However, I am prepared to undertake that we put something along these lines in guidance. We will reinforce the key point, which is that the charge should incentivise local voluntary action, and should do nothing which undermines local businesses, drives them towards bankruptcy, or acts as a backdoor means for the local authority to raise additional revenue. We are prepared to undertake to include in guidance something that deals with the noble Lord’s point so that the issues he has raised are properly understood by local authorities when they come to consider their charges. I hope that with that undertaking, he will withdraw his amendment.

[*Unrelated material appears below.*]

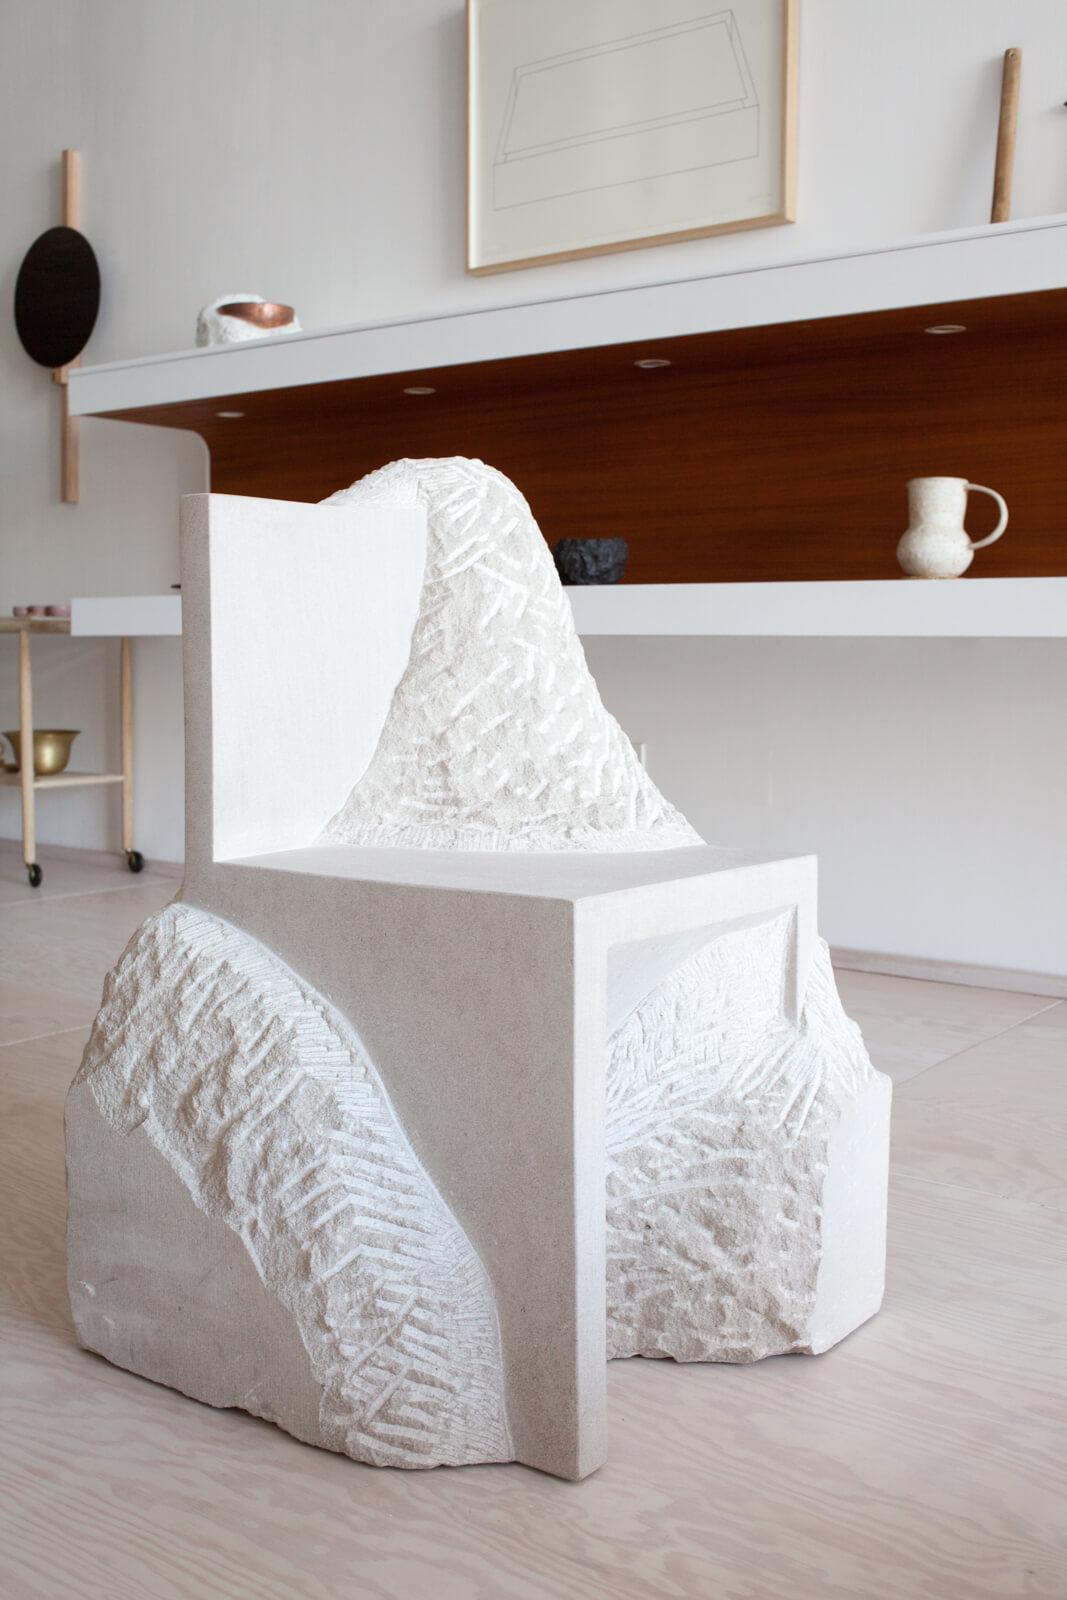 brian-richer-castor-mjolk-exhibition-2018-7

Lord Thomas of Gresford: My Lords, I am encouraged by the Minister’s words. I hope that local authorities can be made accountable for these charges and that they will be able to demonstrate a relationship between the level of the charge and the costs that are incurred by additional safeguards within alcohol disorder zones. I hope that that is included in guidance. I wish that we could see these regulations and I certainly wish that we could see the 2,000 pages of guidance that will result from this Bill. A huge amount will be attached to almost every clause. I am content and I beg leave to withdraw the amendment.

Amendment, by leave, withdrawn.

[Amendments Nos. 19 to 21 not moved.]

Clause 16 [Designation of alcohol disorder zones]:

Lord Thomas of Gresford moved AmendmentNo. 22:

The noble Lord said: My Lords, Amendments Nos. 22 to 25 deal with Clause 16, dealing with the designation of alcohol disorder zones. I am anxious that the local authority should not make such orders without an appreciation of a persistent and repeated problem. As the Bill stands, the local authority could designate an alcohol disorder zone if there has been a single instance of nuisance or annoyance. That is why I seek to include the words “persistent and repeated”.

On Amendment No. 23, for reasons I explained in relation to Amendment No. 1 and subsequent amendments, we would leave out the words “or disorder”.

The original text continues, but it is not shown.